Baktybek Abdilashimovich Amanbaev (Kyrgyz: Аманбаев Бактыбек Абдилашим уулу; Russian: Аманбаев Бактыбек Абдилашимович; born 1969) has served as the Kyrgyz ambassador to the United States and Canada since April 2021.

==Early life and education==
Amanbaev was born in 1969. Amanbaev studied at Kennesaw State University in the US state of Georgia (2012), graduated from the diplomatic academy of the Ministry of Foreign Affairs of the Kyrgyz Republic (2010), obtained a political science graduate degree from the Kyrgyz National University (2010), a Master of Business Administration from the Bishkek International School of Business and Management (1998), and an undergraduate degree from the Kyrgyz National University (1996).

==Early career==
From 2000–2004, Amanbaev served as a senior consultant of the member of the Jogorku Kenesh (parliament) of the Kyrgyz Republic.
Between 2000–2007 he was a correspondent Radio Azattyk, the Kyrgyz service of Radio Free Europe/Radio Liberty.
From 2005–2007 he was director of the advertising and commercial agency of the Kyrgyz State Broadcasting Company.
From 2005–2008 he was a senior lecturer of political science at the Kyrgyz National University.
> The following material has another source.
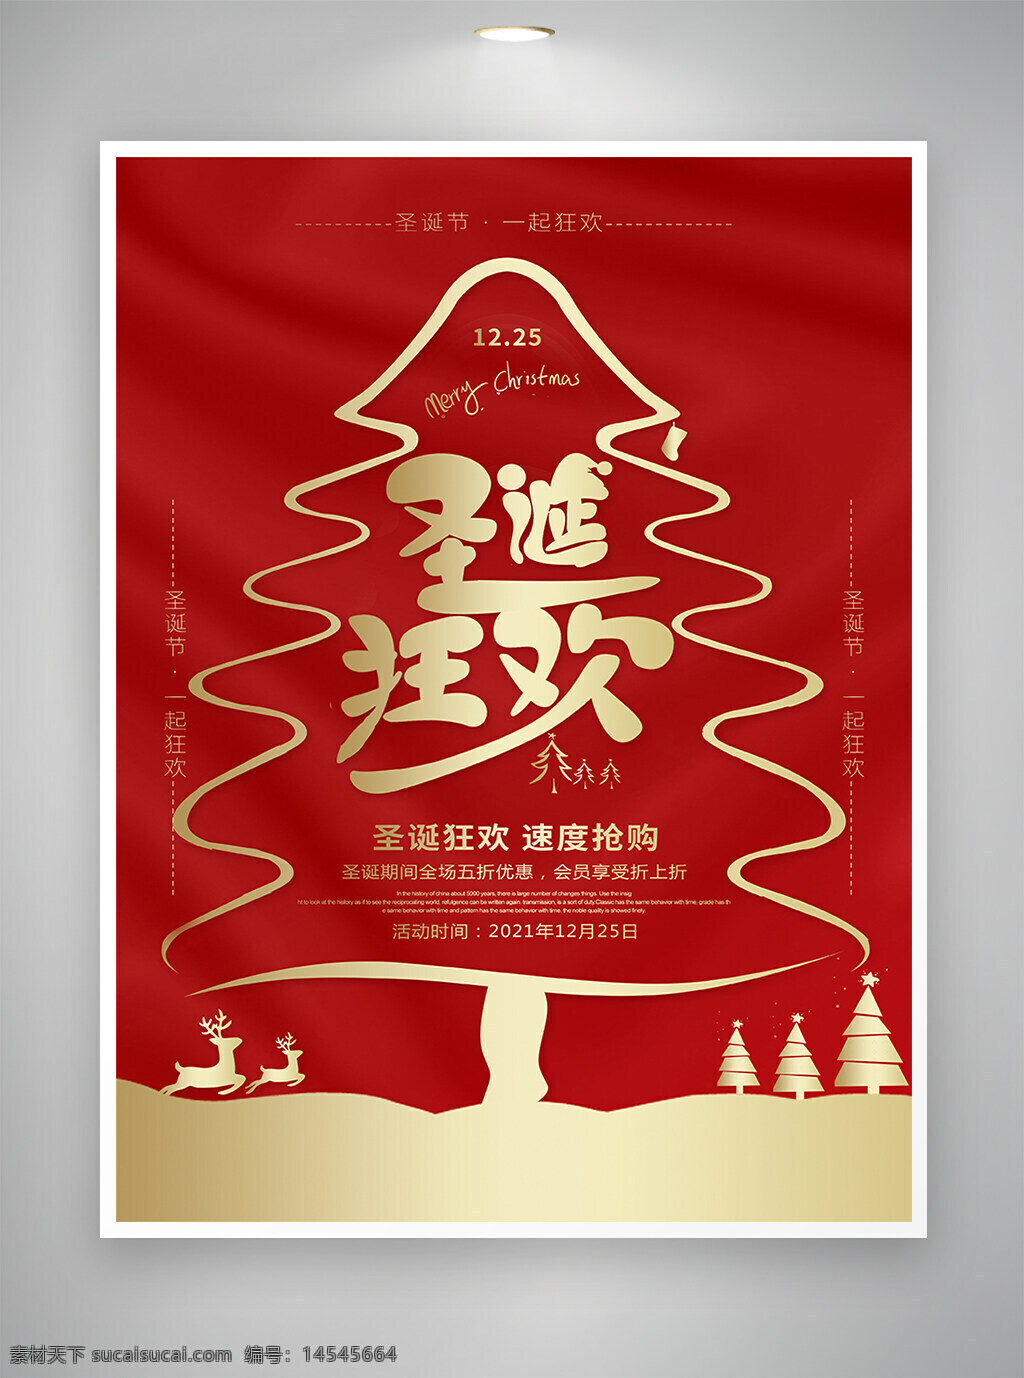 圣诞 圣诞节 圣诞海报 圣诞节海报 海报 促销海报 创意海报 红色 烫金风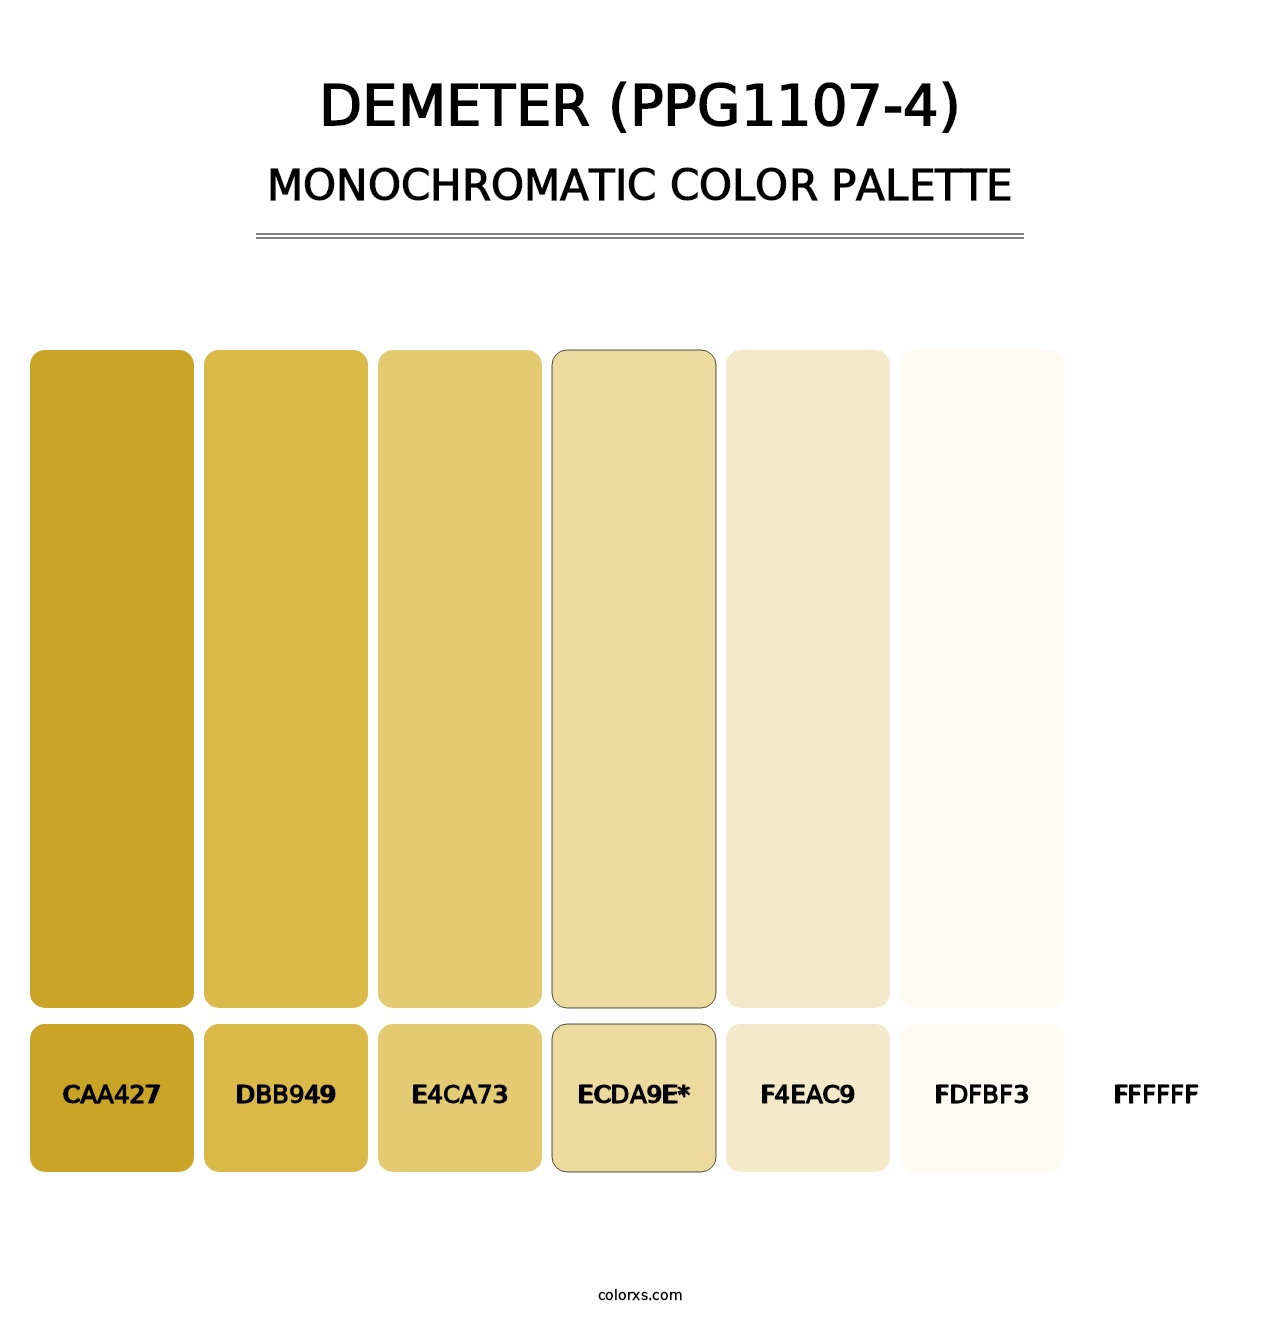 Demeter (PPG1107-4) - Monochromatic Color Palette

He also served as editor-in-chief of the newspapers "Sayasat Press" and "Aiyl Demi" from 2010-2011.

Amanbaev was selected as a candidate for deputy by the Mekenchil Party in the 2020 parliamentary election. After the elections were annulled during the 2020 revolution, he became chief of staff of the new government, holding the rank of minister.

==Public service==
2010: vice mayor of the city Osh, Kyrgyzstan’s second largest city
2011–2012: head of the press service of the parliament (Jogorku Kenesh) of the Kyrgyz Republic
2013–2015: ombudsman of the Kyrgyz Republic; the office of the ombudsman acts as an independent advocate for human rights on behalf of private citizens and NGOs and had the authority to recommend cases for court review

==2020 ==
After the 2020 Kyrgyz protests, Amanbaev became chief of staff of the government of the Kyrgyz Republic-Minister of the Kyrgyz Republic.
In April 2021, Amanbaev was appointed ambassador extraordinary and plenipotentiary of the Kyrgyz Republic to the United States.